[[ Input data open ]]
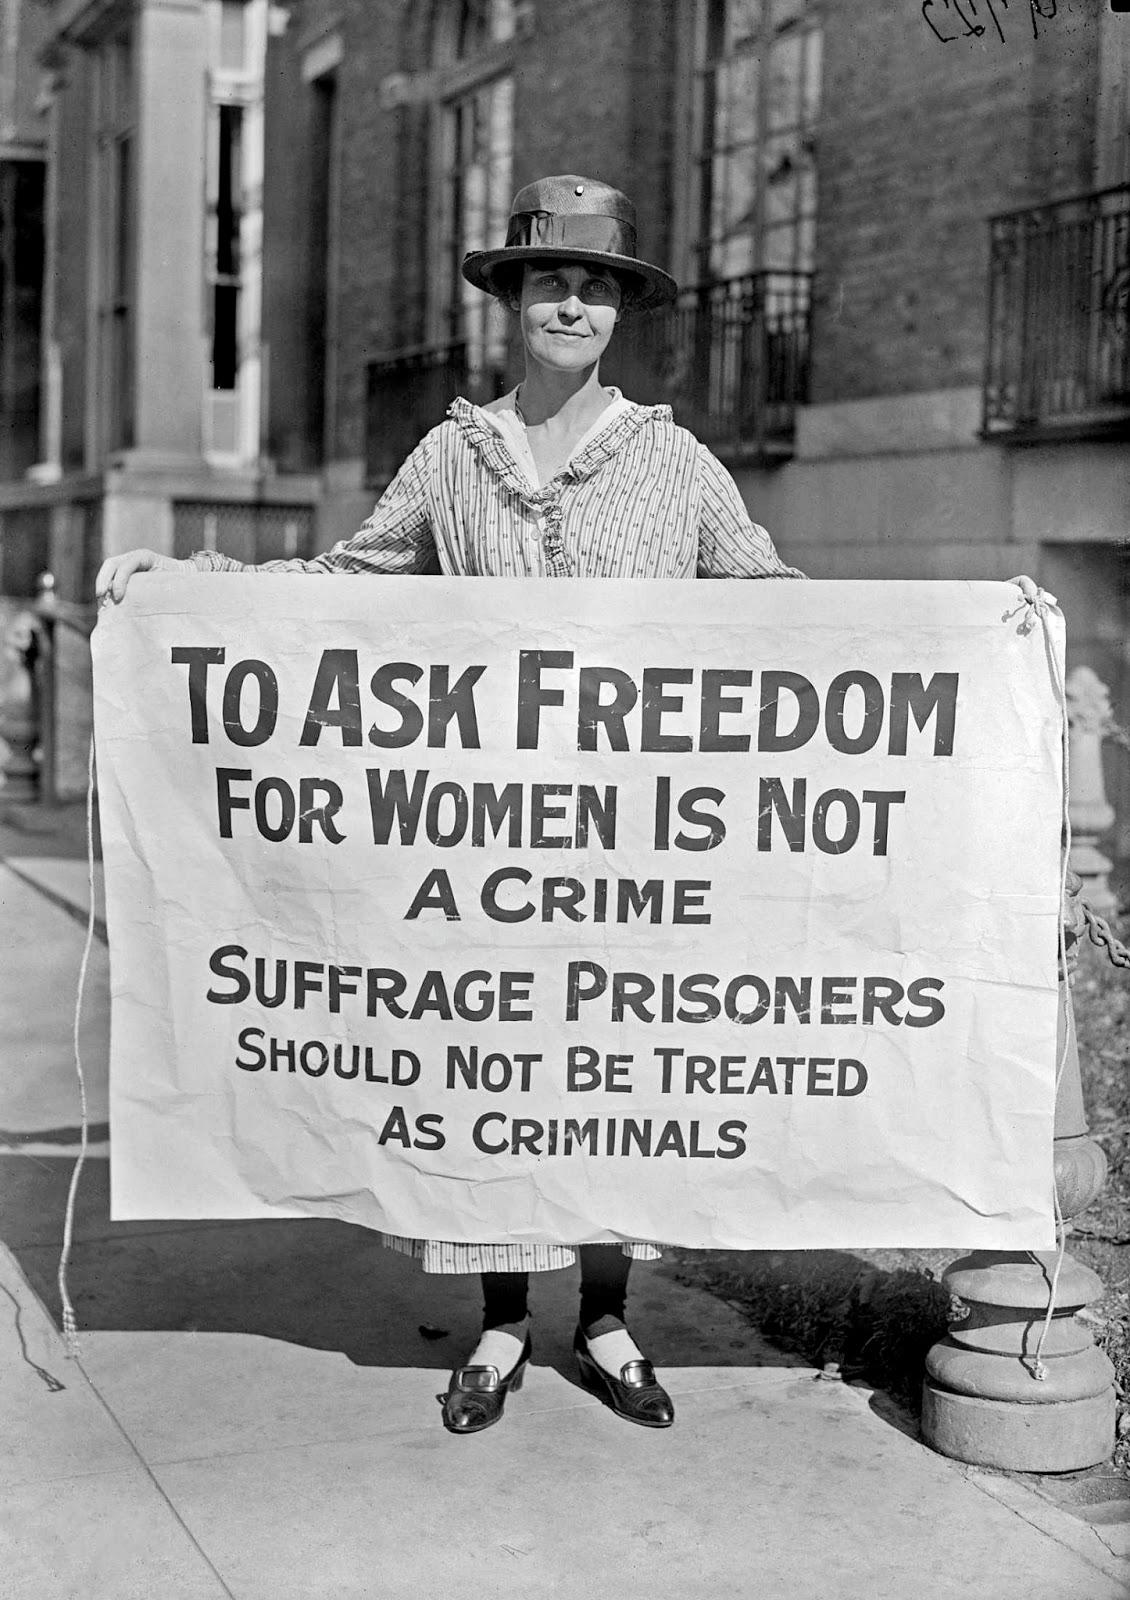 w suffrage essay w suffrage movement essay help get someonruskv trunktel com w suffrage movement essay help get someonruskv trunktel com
[[ Input data closed ]]
[[ Input data open ]]
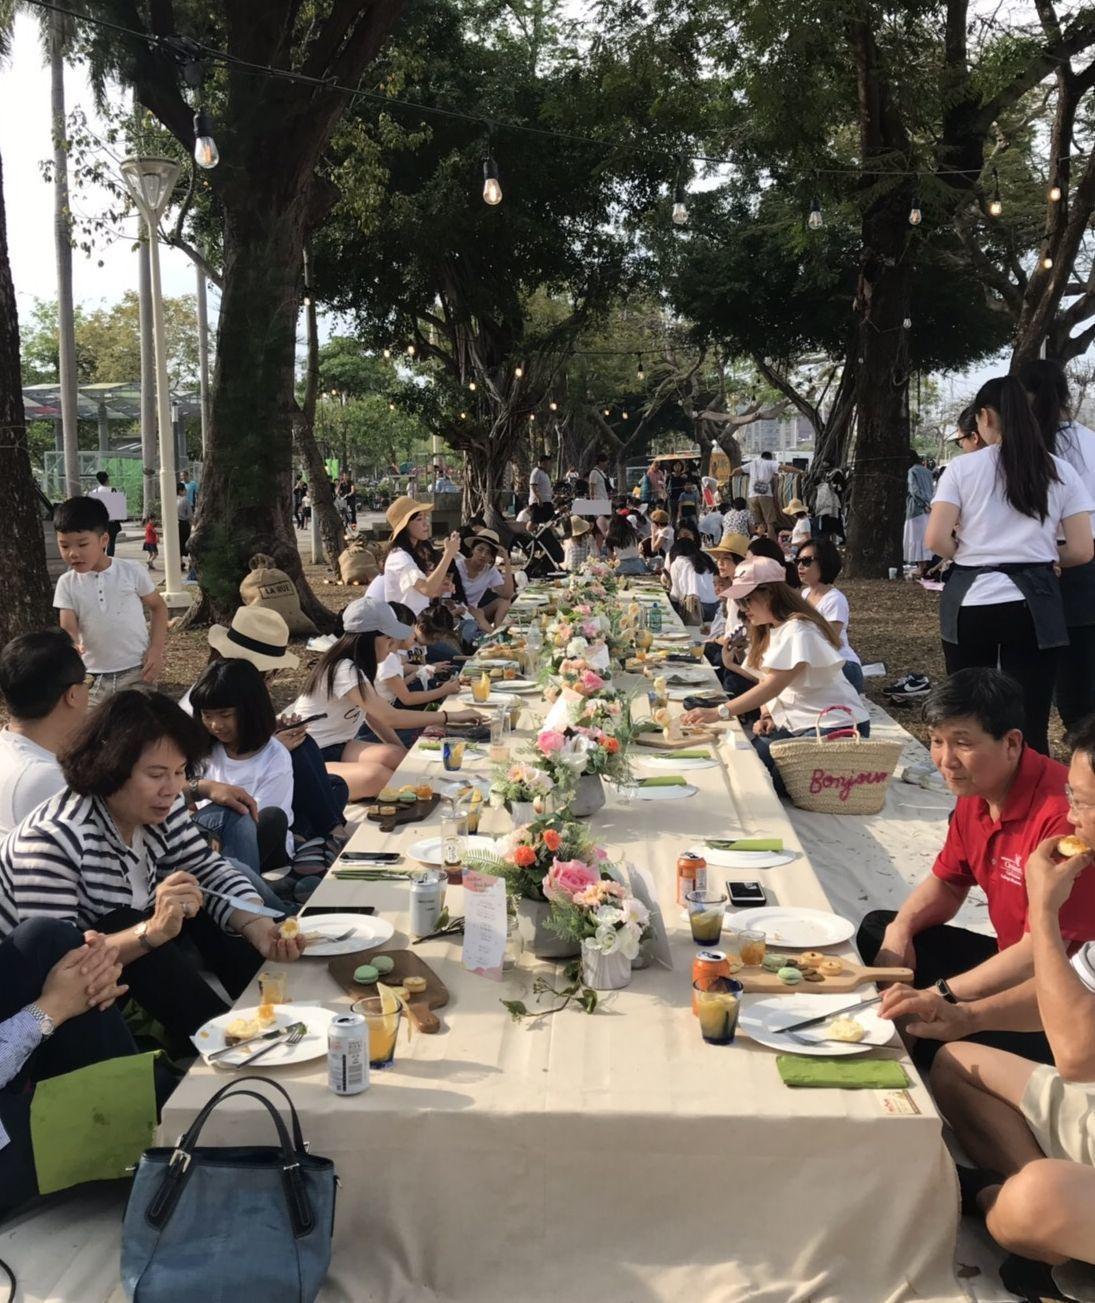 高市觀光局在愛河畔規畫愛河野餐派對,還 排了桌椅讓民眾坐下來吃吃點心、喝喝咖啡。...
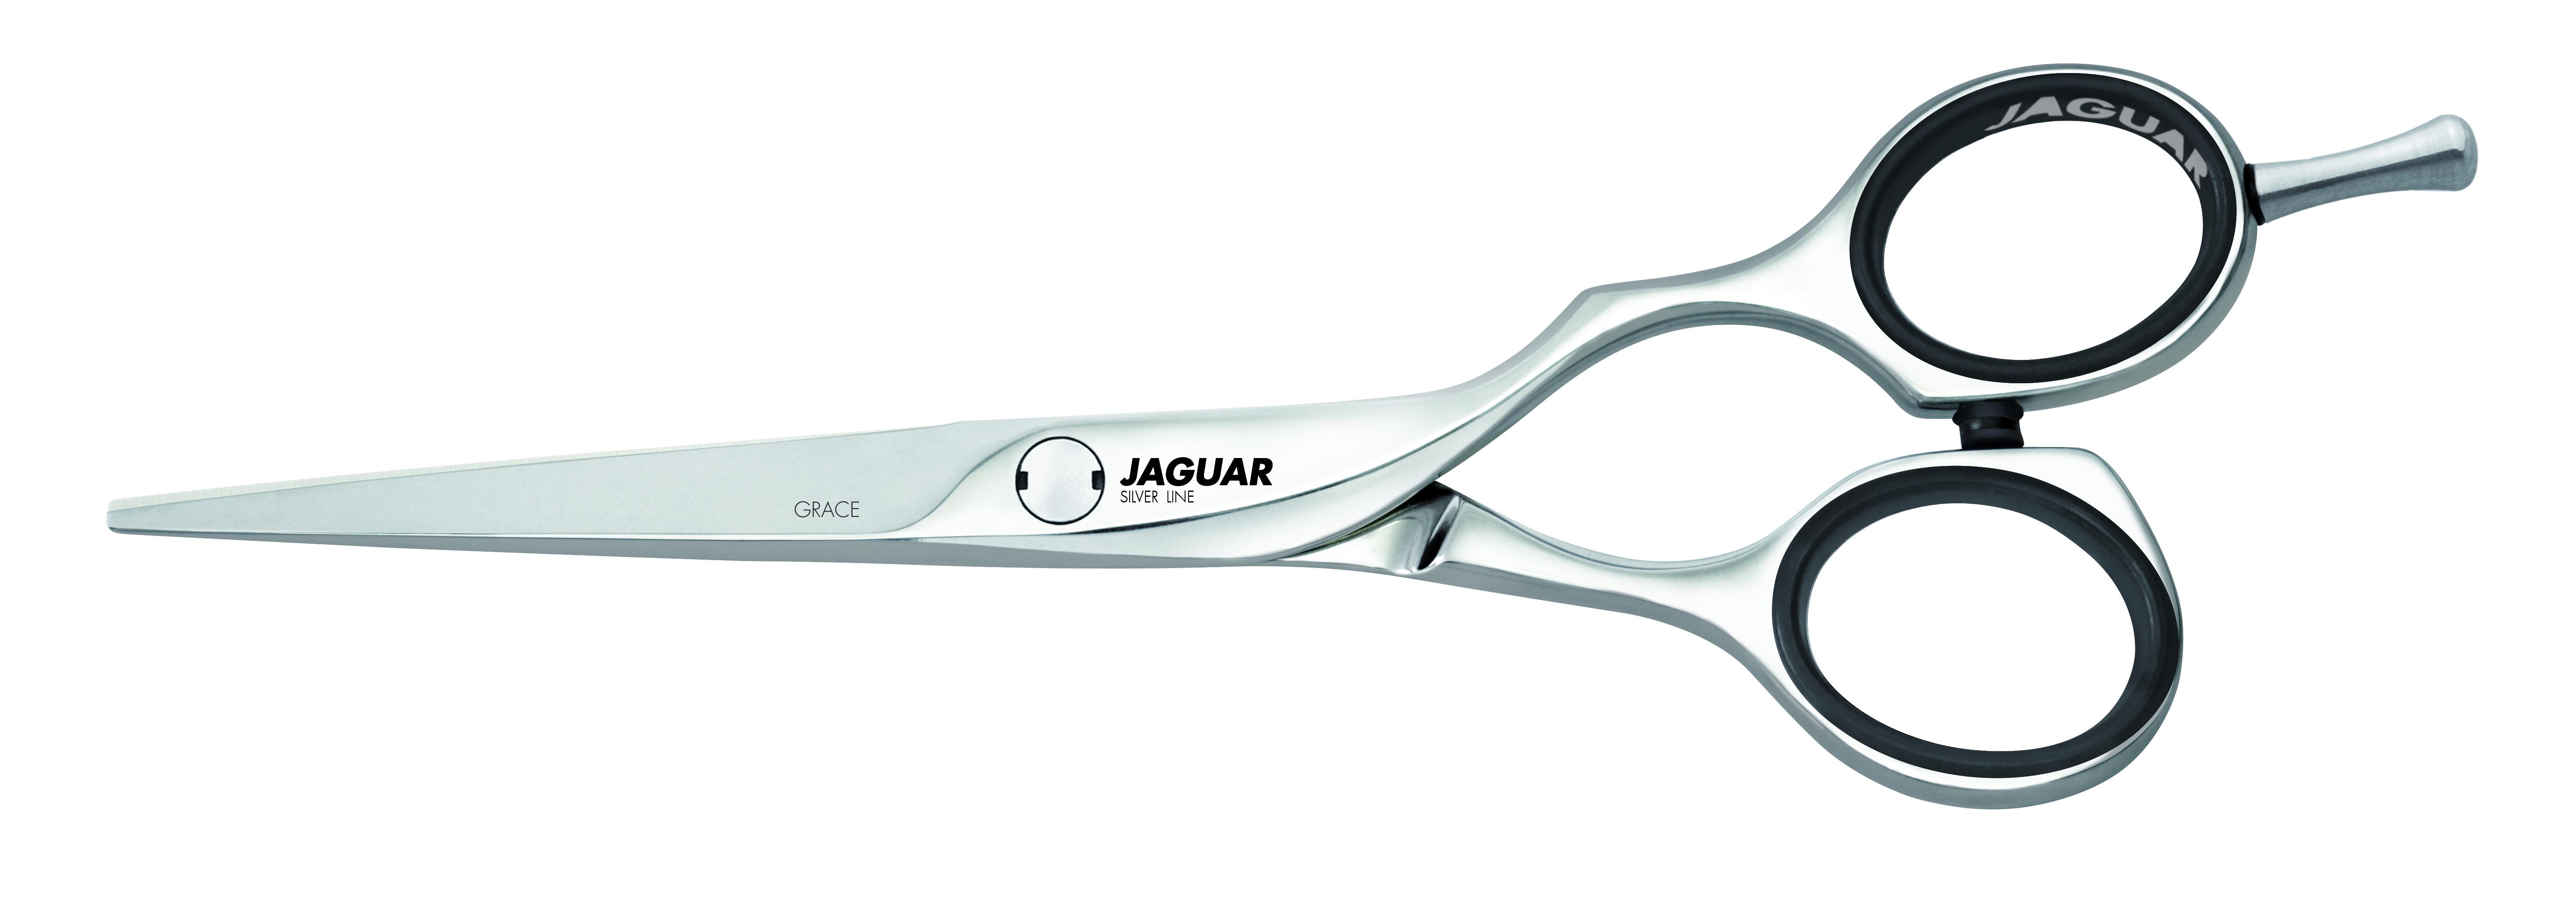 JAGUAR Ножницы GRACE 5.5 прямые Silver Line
[[ Input data closed ]]
Exercise directions - Each line from the one that contains "高市觀光局在愛河畔規畫愛河野" down to the one that contains "JAGUAR Ножницы GRACE 5.5 прямые Silver Line" is to be returned exactly as it stands above, both ends included, with pictures removed.

Output for this task -
 高市觀光局在愛河畔規畫愛河野餐派對,還 排了桌椅讓民眾坐下來吃吃點心、喝喝咖啡。...
 JAGUAR Ножницы GRACE 5.5 прямые Silver Line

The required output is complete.